____ DATASET CONTENT

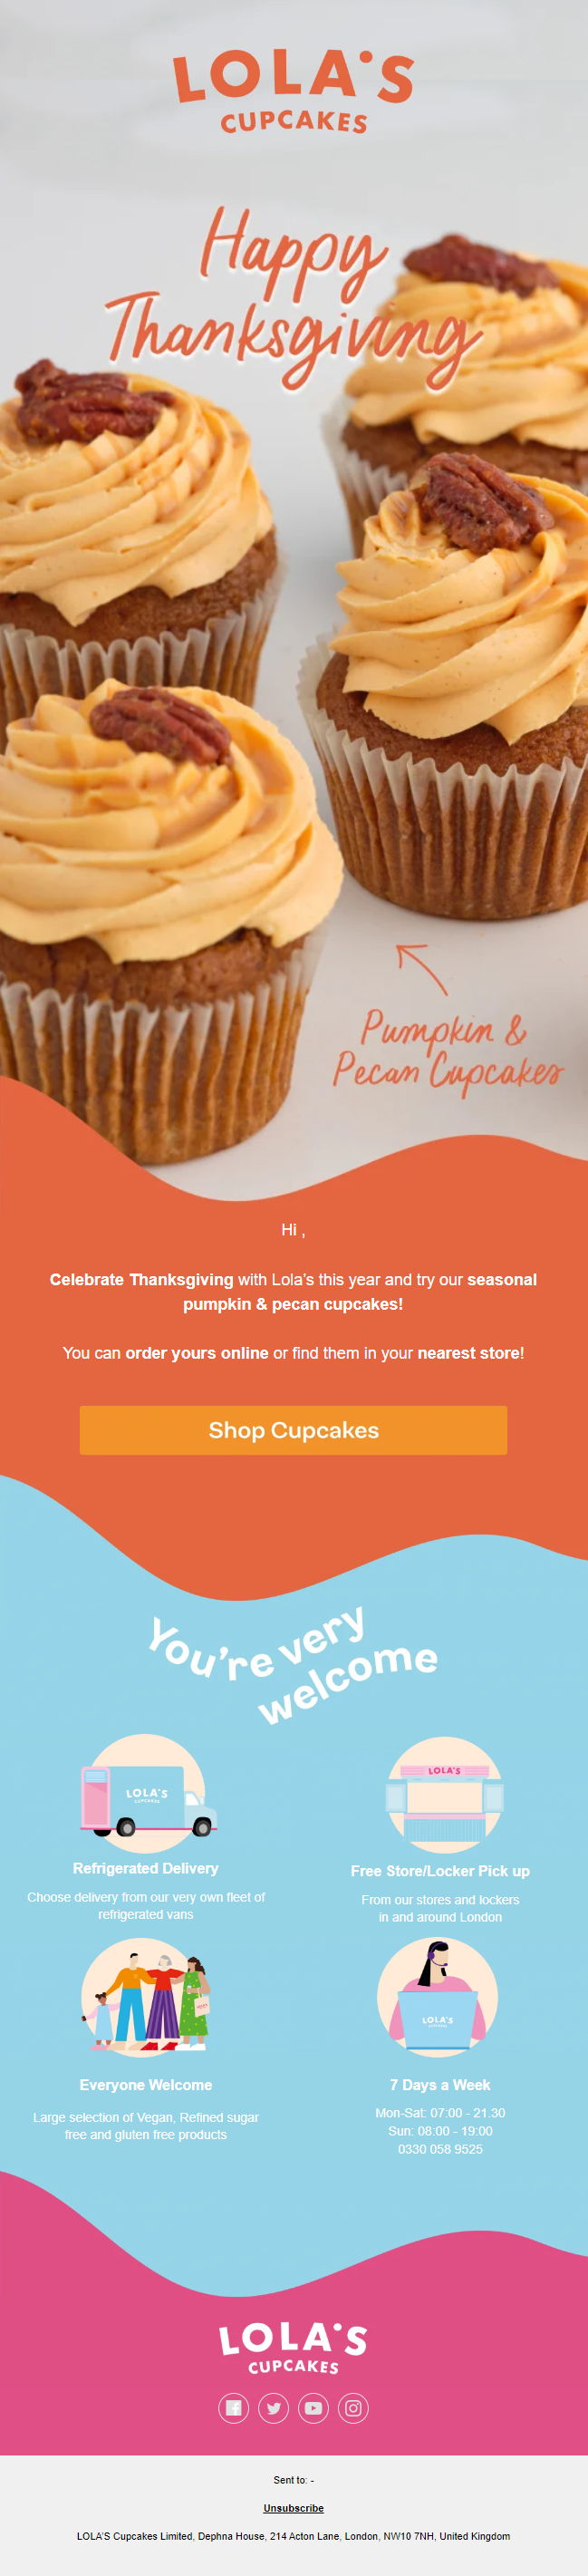 Thanksgiving email from Lola's Cupcakes
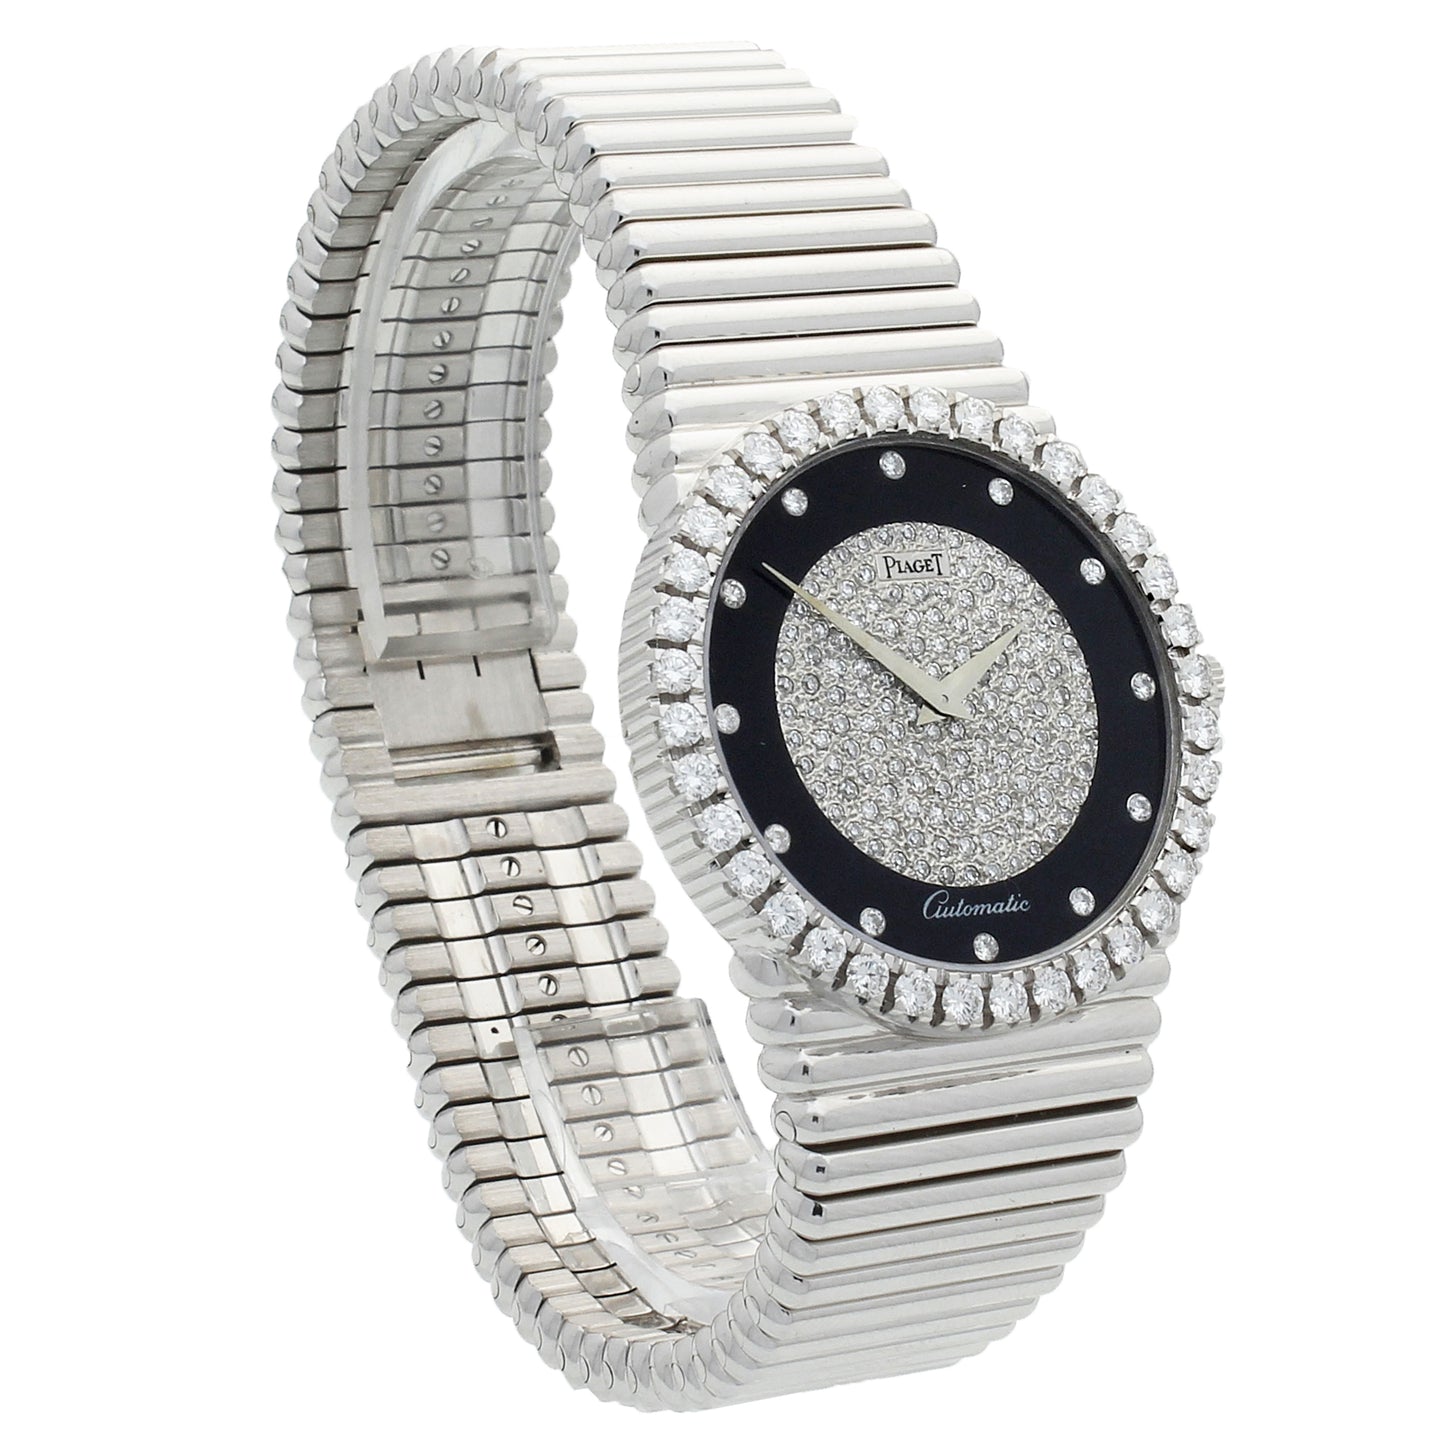 18ct white gold Piaget, reference 12336 bracelet watch with onyx and pavé diamond set dial and diamond set set bezel. Made 1970's
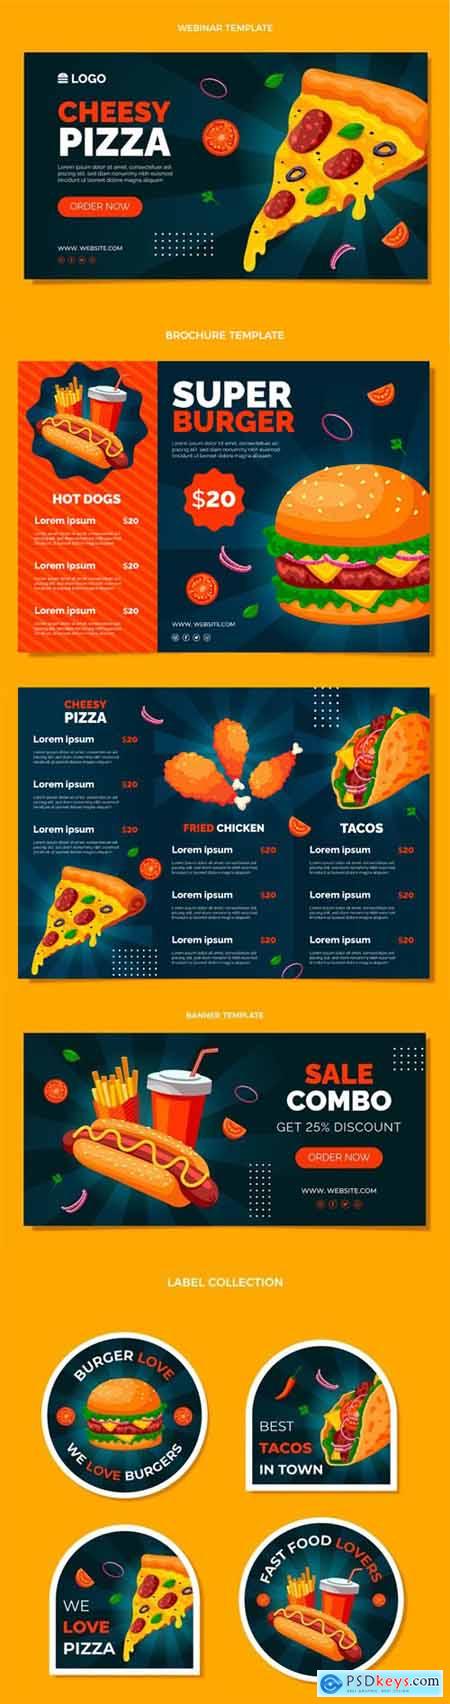 Fast Food & Pizza Vector Templates Collection
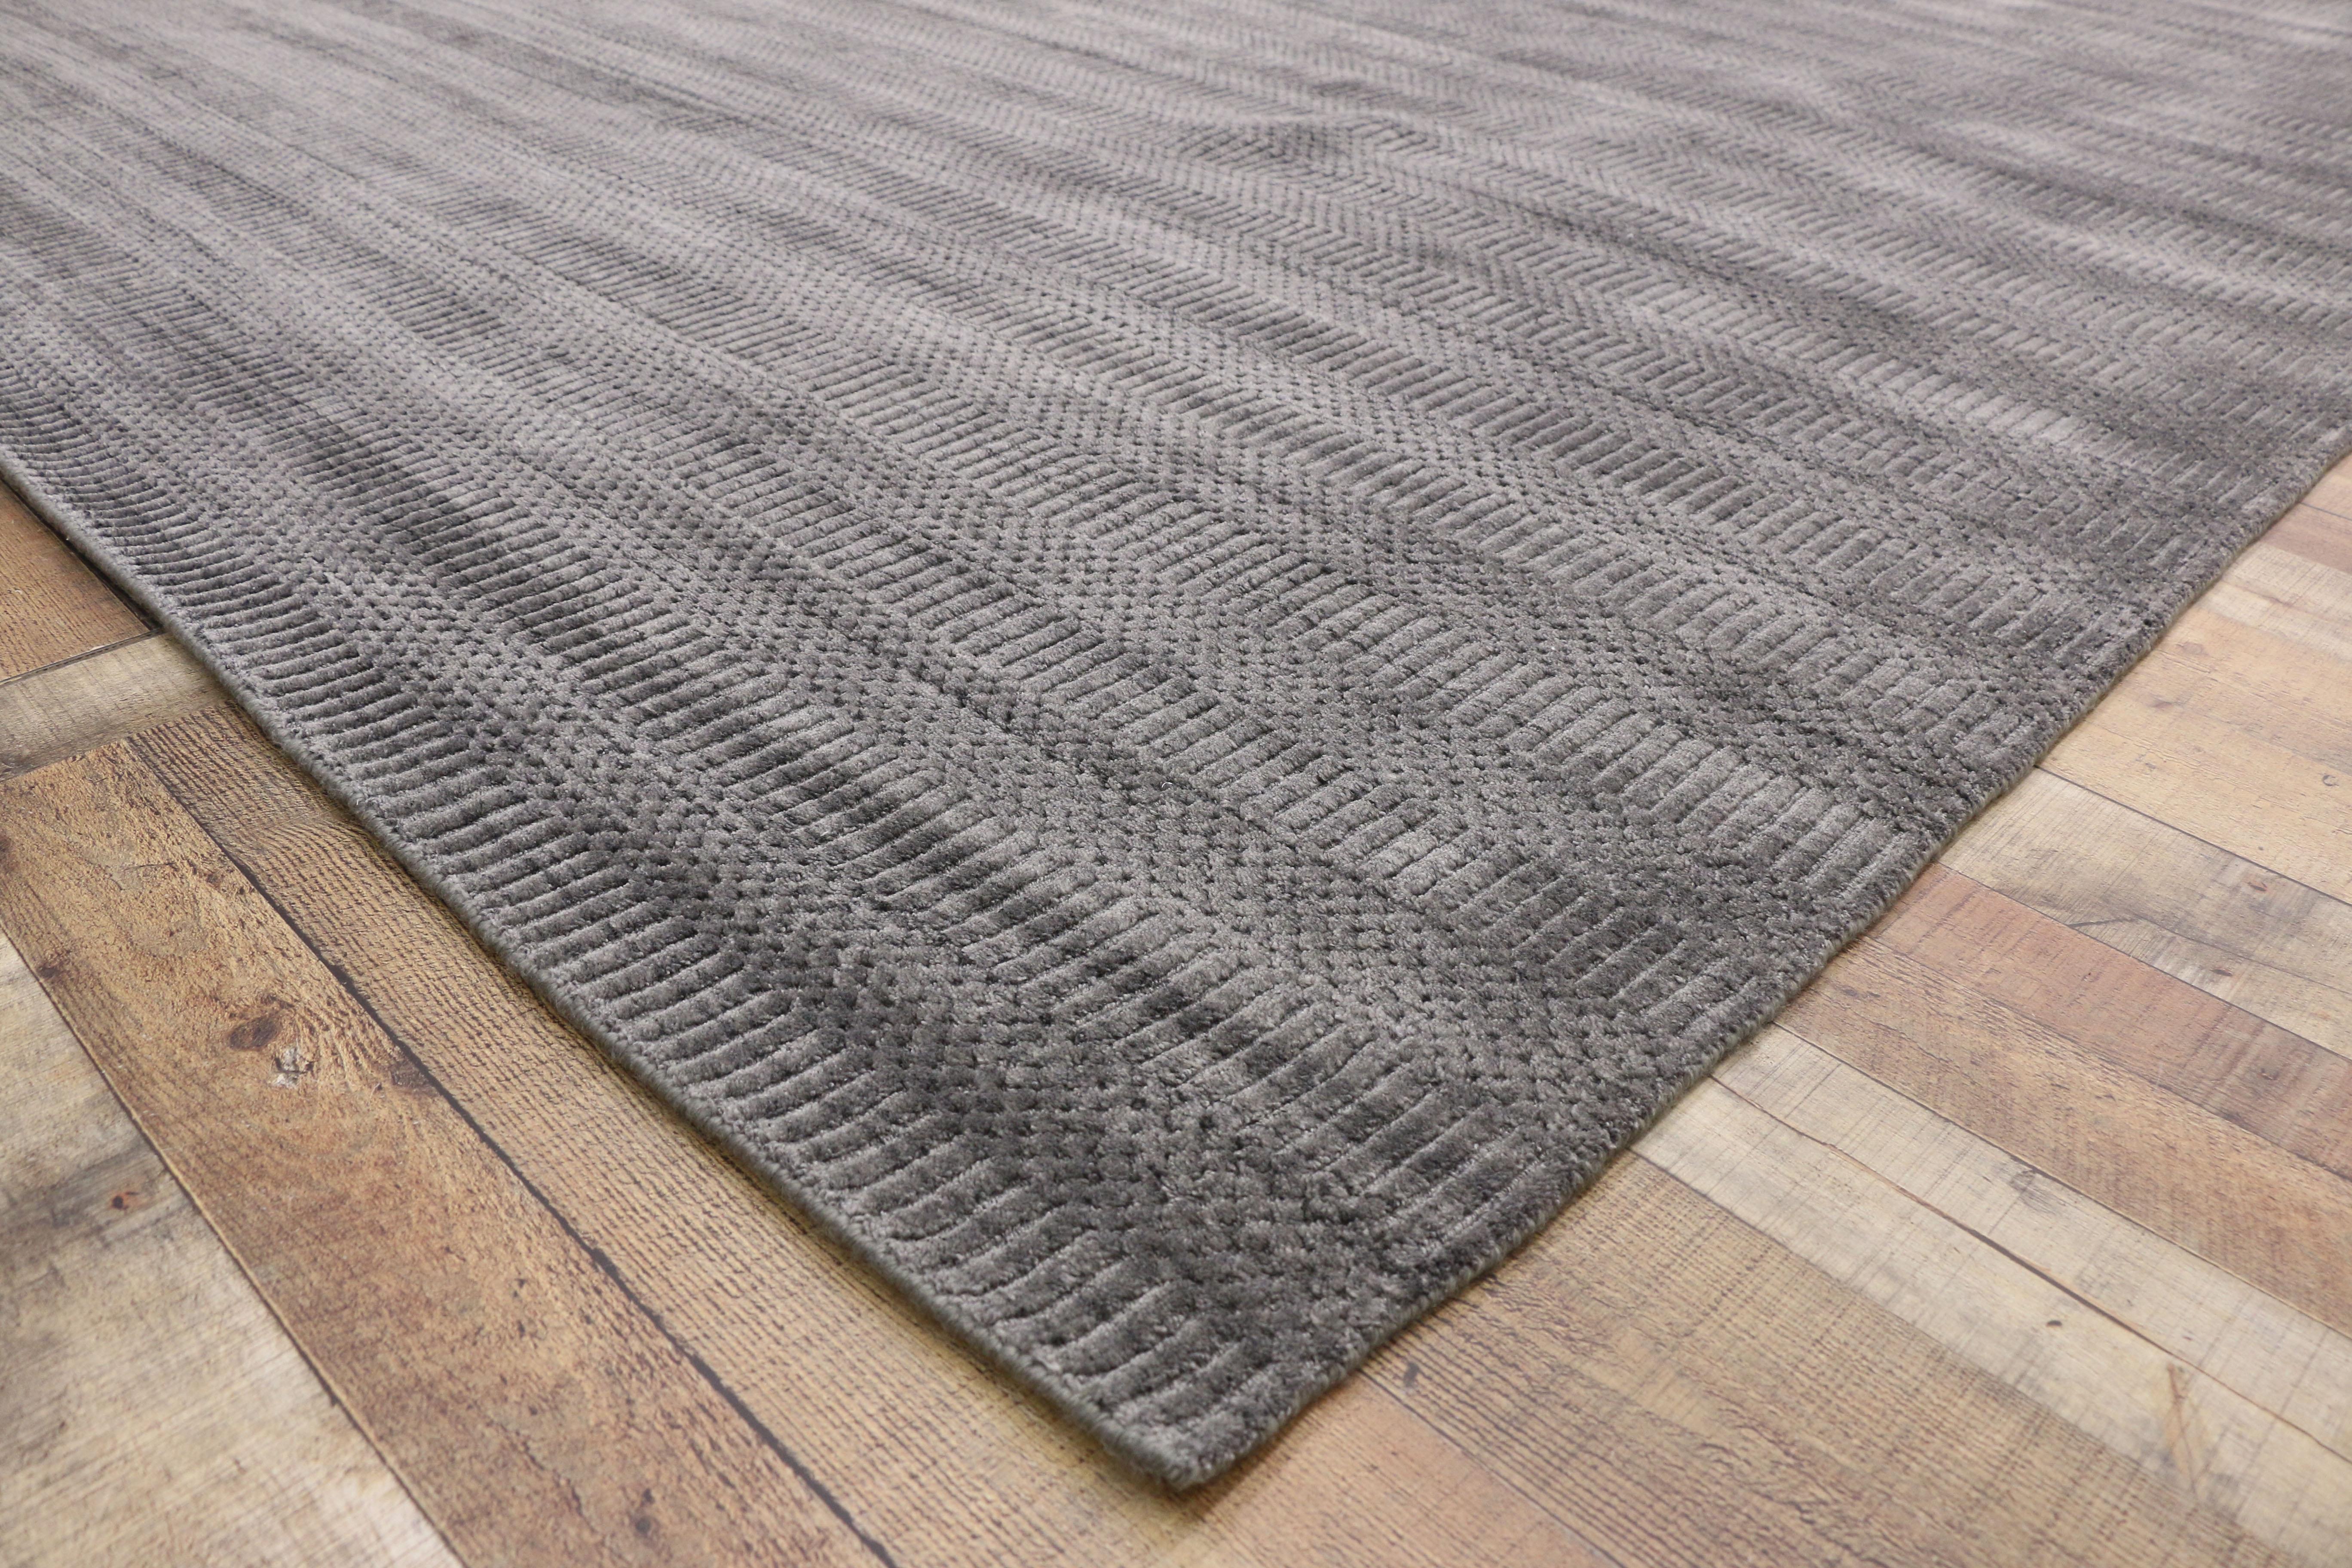 Indian New Transitional Gray Area Rug with Modern Scandinavian Danish Style

________

## TASK STATEMENT
Transcribe the listing above verbatim. Omit the pictures.

## SOLUTION
 Thanksgiving email from Lola's Cupcakes
 18ct white gold Piaget, reference 12336 bracelet watch with onyx and pavé diamond set dial and diamond set set bezel. Made 1970's
 Fast Food & Pizza Vector Templates Collection
 Indian New Transitional Gray Area Rug with Modern Scandinavian Danish Style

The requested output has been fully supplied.